Immune systems have evolved to counter pathogens for well over 2 billion years of environmental change. Human activities like pollution have introduced mutagenic chemicals and climate-changing pollutants that accelerate pathogen change and spread. Our incursion into untouched environments exposes us to more our immune systems have never encountered.
But it is our cognitive systems that now pose our greatest threat in following human alternative principles...like "peace through strength" instead of implementing the wisdom of 'global liberty and justice for all' that exacerbates every aspect of human security threats. But particularly biosecurity.
Given our accelerating human capacity to weaponize every technology (even social media platforms) that the threat of biosecurity is now (or should be) paramount in our minds with changing laws, governance systems, and focused financing.
After reading their introduction here is what they recommended.
"Every country must:
- · Make greater investments in public health;
- · Develop, test, and optimize oversight regimes for risky research;
- · Eliminate biological agents intended as weapons and dismantle programs producing them;
- · Identify outbreaks before they become epidemics and pandemics;
- · Share data, analytics, and intelligence on biological events; and
- Identify and attribute biological events quickly.

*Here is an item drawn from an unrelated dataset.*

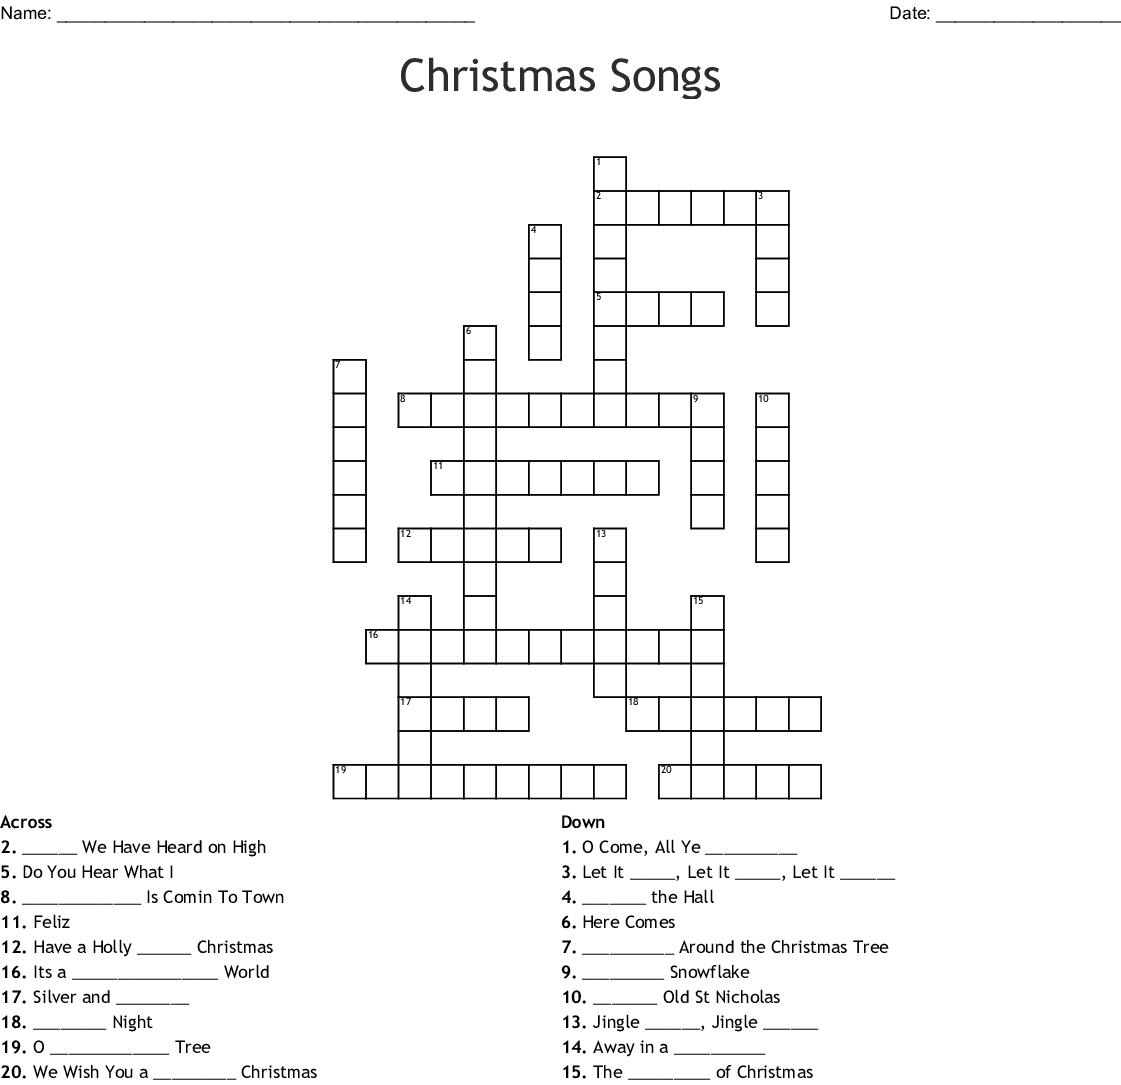 Christmas Carols Word Search

These are great...except for "Eliminate biological agents intended as weapons and dismantle programs producing them;"
Knowing there are nations or groups already developing new bioweapons for tactical offense or even genocidal intention it's imperative that 'the good guys' develop every imaginable bioweapon first...so that extremely effective countermeasures can be produced prior to 'the bad guys' using what they will certainly develop. This "gain of function' research is urgently needed given the current level of extremist views in nationalism, religion, environmentalism, racism, and anti-semitism.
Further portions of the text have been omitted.